Manic Street Preachers’ masterpiece, The Holy Bible was so much more than just a rock album. In a musical landscape in which grunge was reaching the end of its glory days and Britpop was on the rise, it was an anomaly and an education, a reading list, a warning from history.
It offered art appreciation, political studies, and sent so many of us running into the arms of Sylvia Plath, George Orwell and JG Ballard, scouring local libraries for the authors and novels it referenced. It offered kinship, a haven of deep thought and raw, often uncomfortable honesty that acknowledged the emotional struggles and political questioning that come as part and parcel of the teenage experience. As the boorish laddishness of bands like Oasis began to take over, to some of us it was not just welcome, it was essential.
The shock of the new came from a first glimpse of the artwork. Artist Jenny Saville’s Strategy (South Face/Front Face/North Face) features a large woman in her underwear, examining herself from three different angles, a breathtaking challenge to the male gaze that has dominated the art world for centuries. When Richey Edwards (Richey James in the sleevenotes) sat down with Saville to explain the meanings behind the songs and the album’s overarching themes, she agreed to let them use the image for free.

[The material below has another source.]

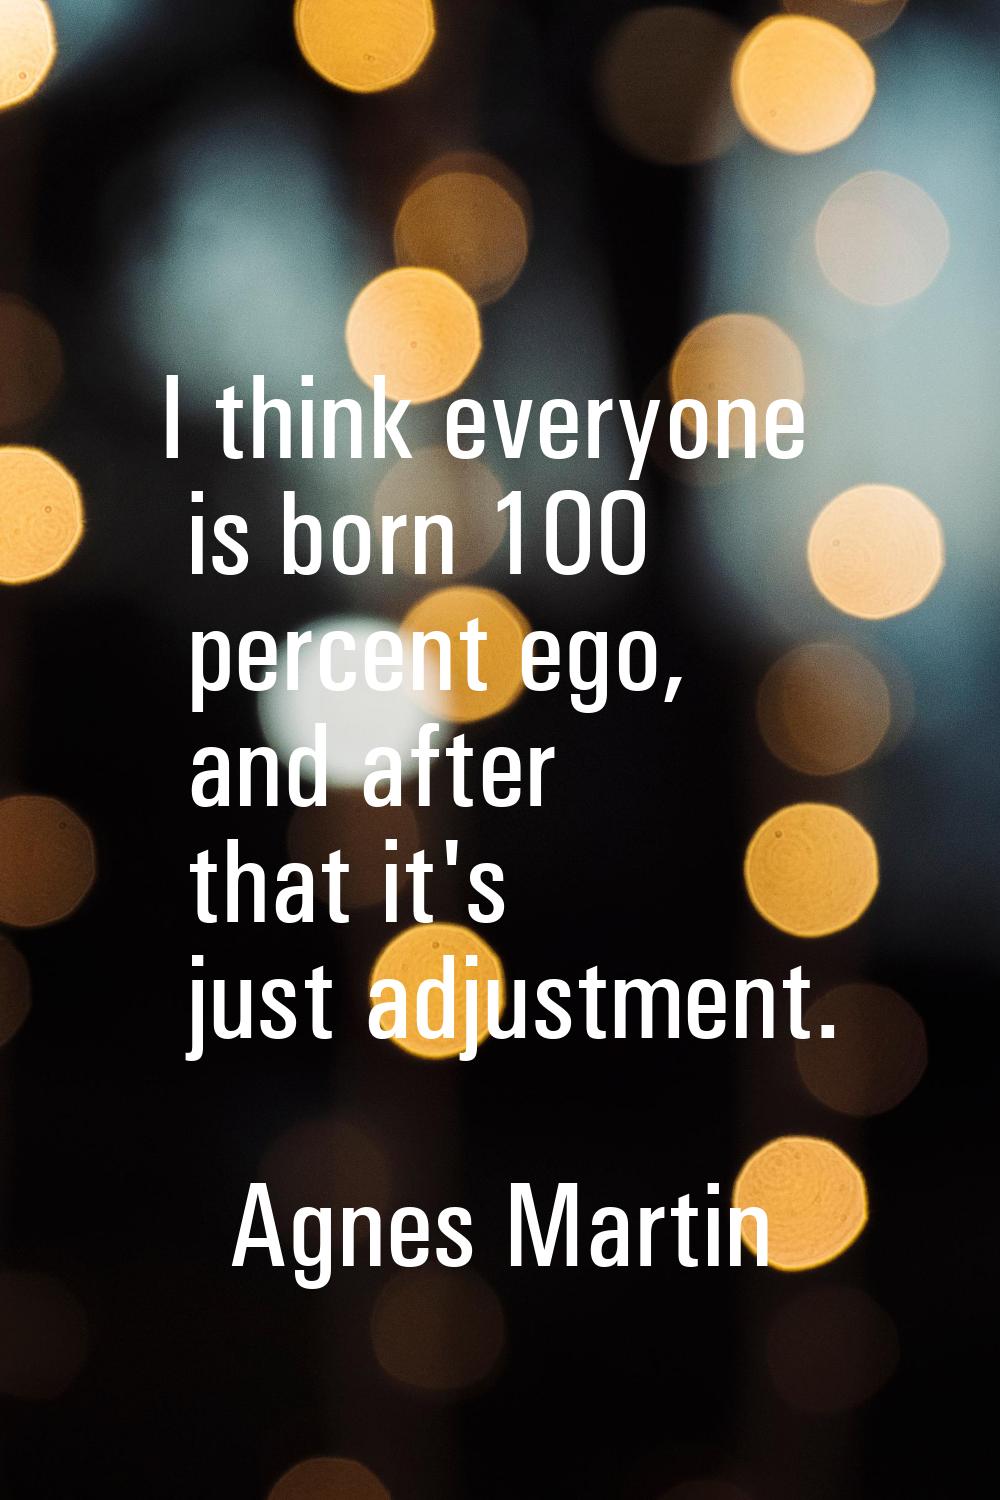 I think everyone is born 100 percent ego, and after that it's just adjustment.
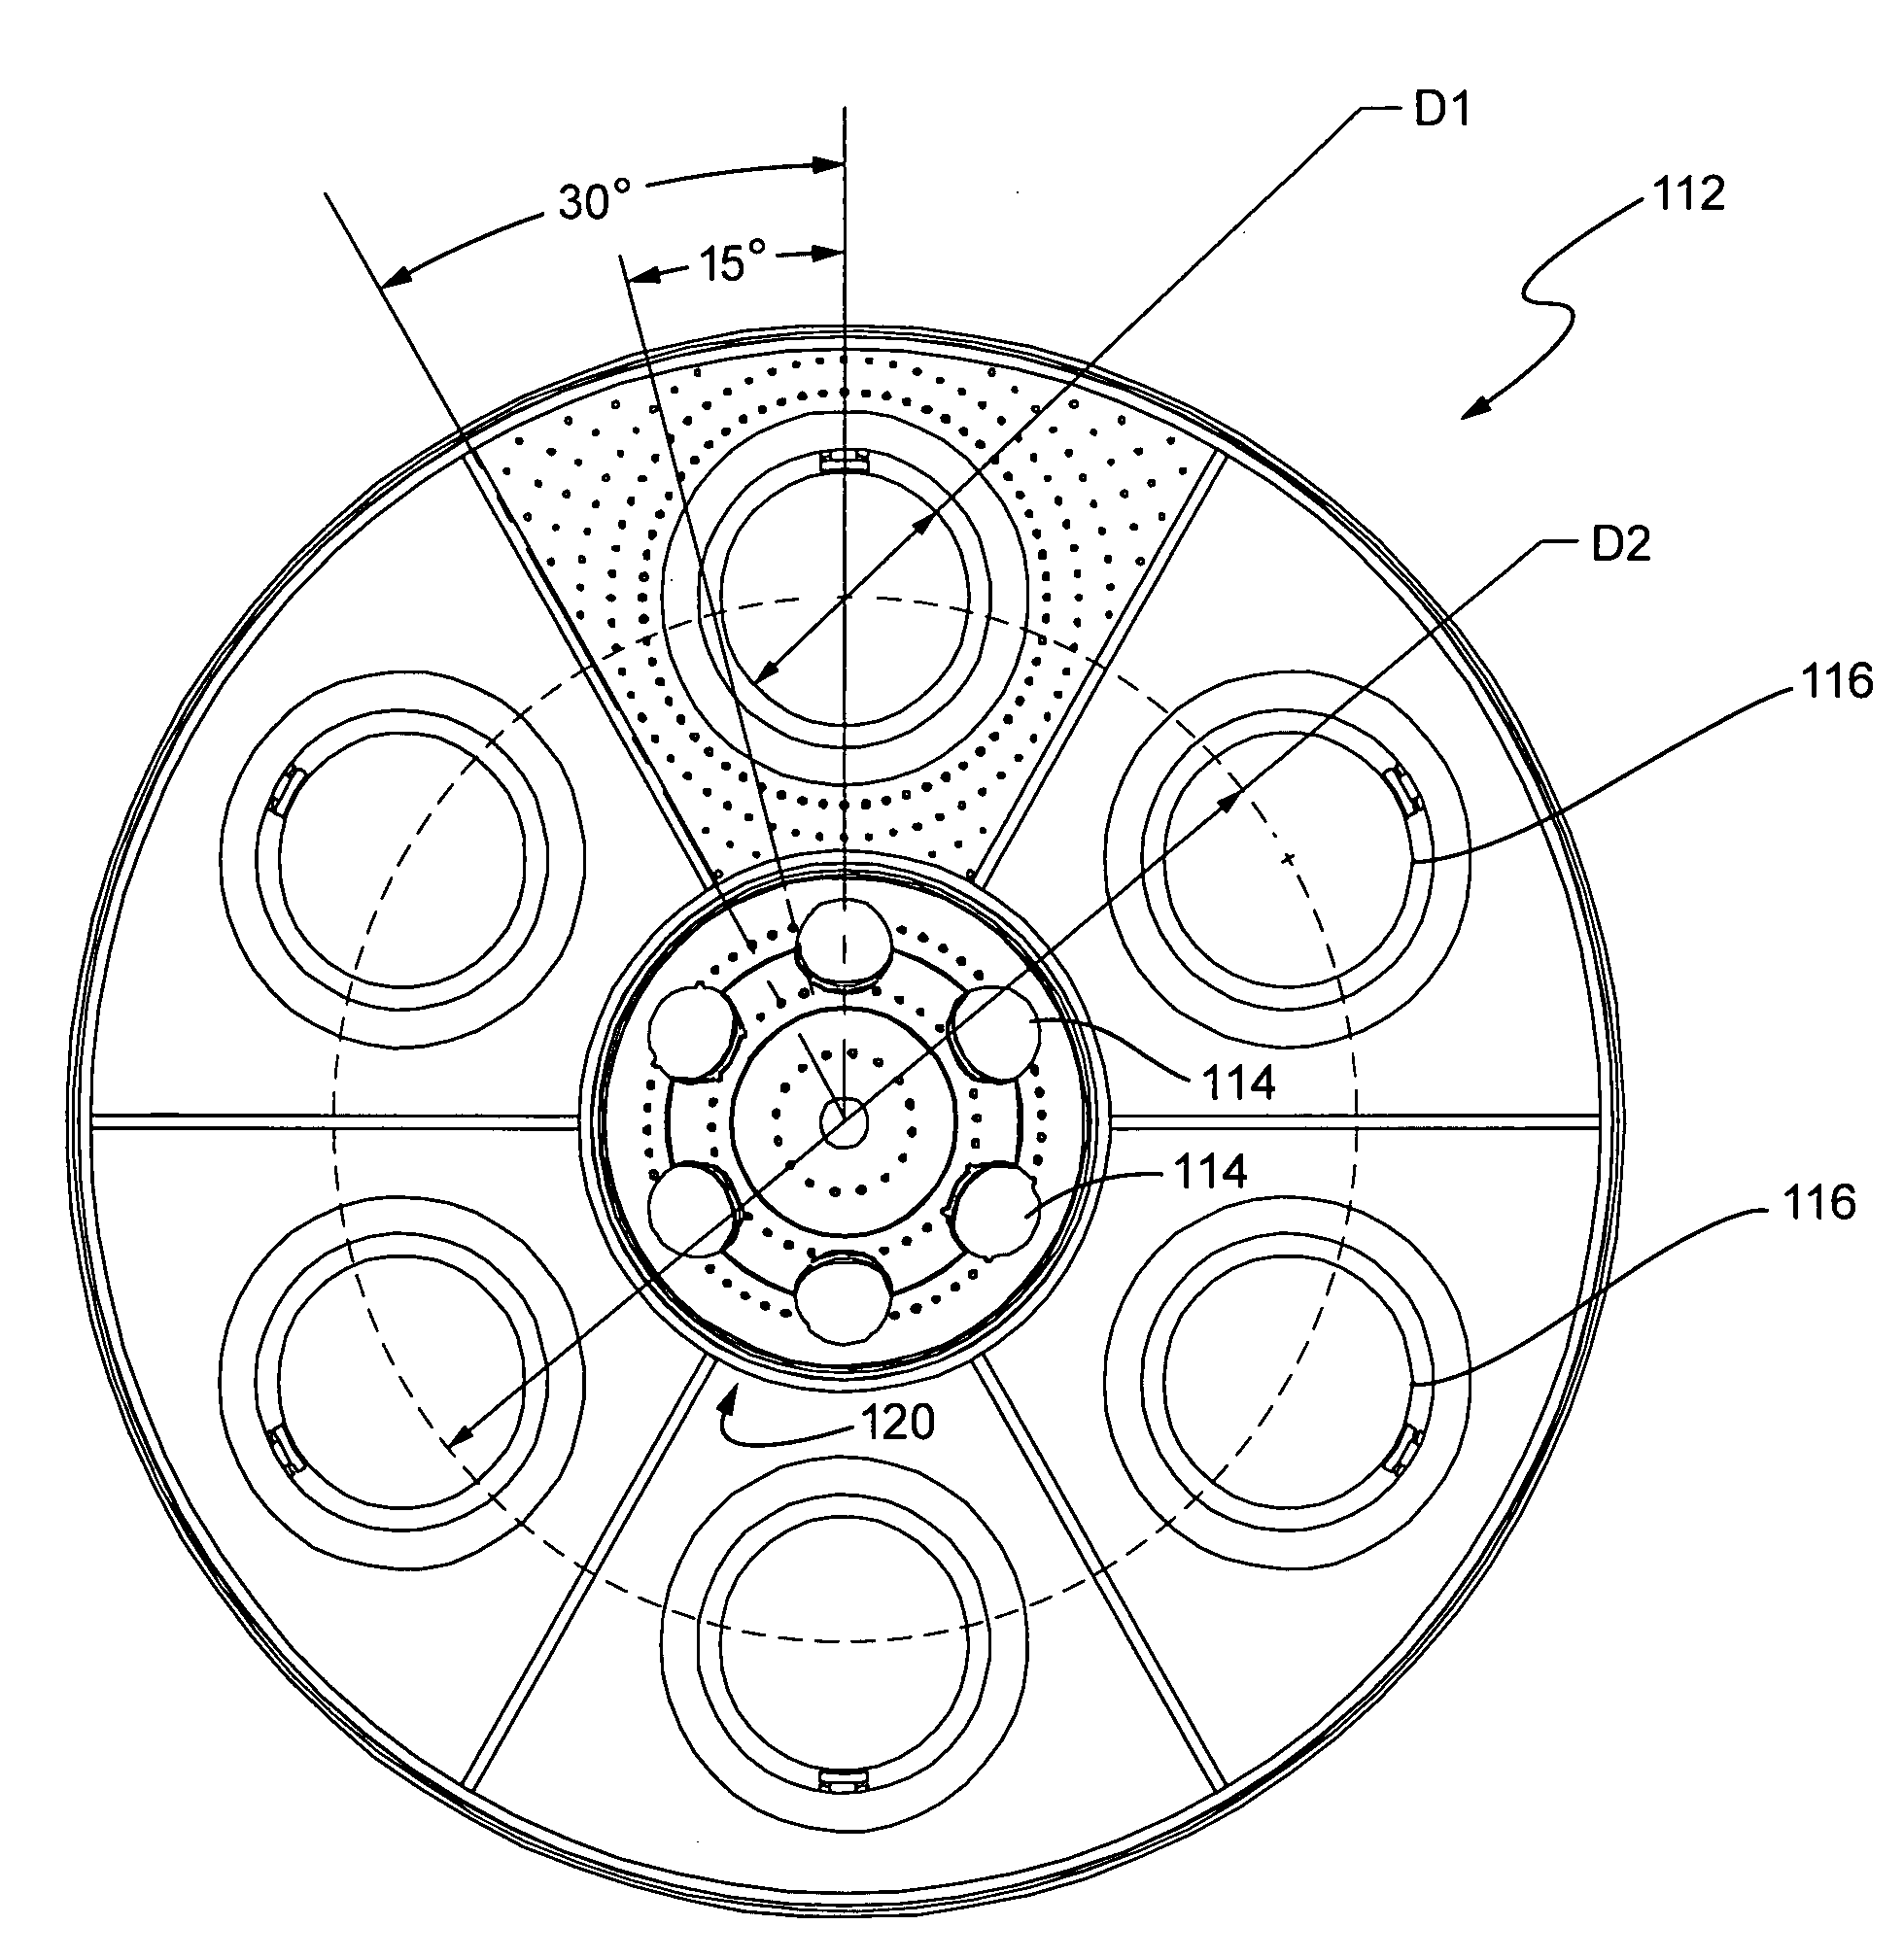 Combustion cap with crown mixing holes

Meanwhile, the back sleeve carried a quote from Octave Mirbeau’s The Torture Garden, a hint of the extent of the literary influences at play on the record itself, while the photographs of the band showed an entirely new mood – the bright leopard-print, eyeliner and spraypaint of their early days ousted in favour of a look that was military, beautiful, doomed.
The Holy Bible is the point at which the so-called Cult of Richey reached its peak, and it is undoubtedly his record, although he didn’t play a note on it. Previously he and bassist Nicky Wire had evenly shared lyric-writing duties, but here he took the lion’s share. Suffering depression, alcohol abuse, self-harm and anorexia, his bleak take on the world appeared to come from his own inner turmoil and his despairing view of the brutal history of the human race, taking on everything from serial killers and mob rule to small lives lived under right-wing totalitarian rule.
The words came in such a torrent you can hear frontman James Dean Bradfield tying himself in knots trying to fit them all in, from the tongue-twister dealing with prostitution and sexual exploitation in Yes to Faster, still one of the band’s most magnificent moments as self disgust meets a panicked self-aggrandisement: 'I am stronger than Mensa, Miller and Mailer/I spat out Plath and Pinter.'
When they performed the song on Top Of The Pops the show was inundated with kneejerk complaints, as Bradfield elected to wear the kind of balaclava synonymous with the IRA – although the fact that he’d scrawled his name across the forehead made it all somewhat less threatening.
Faster itself begins with a sample of John Hurt’s Winston Smith in the film adaptation of George Orwell’s Nineteen Eighty-Four: "I hate purity. Hate goodness. I don't want virtue to exist anywhere. I want everyone corrupt." The quotes and clips that pepper the album are an essential element, adding a human voice to subjects almost too weighty to approach. And so The Intense Humming Of Evil, inspired by the band’s visit to the concentration camps at Dachau and Belsen, begins with a report on the Nuremberg Trials, opening up to the bleakest few minutes you’re ever likely to hear on a mainstream rock record.
It’s also a perfect example of how the band had moved on musically. While their debut Generation Terrorists was their unashamedly glam classic rock moment, and Gold Against The Soul was a polished exercise in hard rock, The Holy Bible saw Bradfield and drummer Sean Moore take their inspiration from the shadowy edges of post punk: Joy Division, Magazine, Wire, Siouxsie And The Banshees.
And so while there are plenty of moments they let loose, with the frantic Yes, the aforementioned Faster and Revol, a blazing gallop through the sexual peccadillos of world leaders and dictators, there are moments so stripped back to the bone the pain is palpable. 4st 7lb, in particular, is a tough listen, Edwards’ portrait of the anorexia he was suffering via the avatar of a teenage girl. Beginning with a heartbreaking sample from a documentary called Caraline's Story and drifting into a sick euphoria that becomes more and more delicate as she wastes away, it’s a masterclass in restraint and musical sensitivity.
Just five months later, Edwards disappeared, leaving his car parked close to the Severn Bridge. A tragic postscript to a deeply personal piece of work with so much intellect and humanity, it means The Holy Bible will, sadly, always be viewed through the lens of what happened after its completion.
But it’s a record to celebrate and treasure, and to revisit on a regular basis. As teenagers dotted in grey provincial towns across the UK, it was our library, our art gallery, our way of starting to make sense of the world. It hasn’t dated a moment since its release, because it sounded like nothing else then, and that still stands today.
Defiantly cerebral and turning violence and ugliness into a strange type of beauty, The Holy Bible remains, 25 years on, the single most important British album of the 1990s. Amen.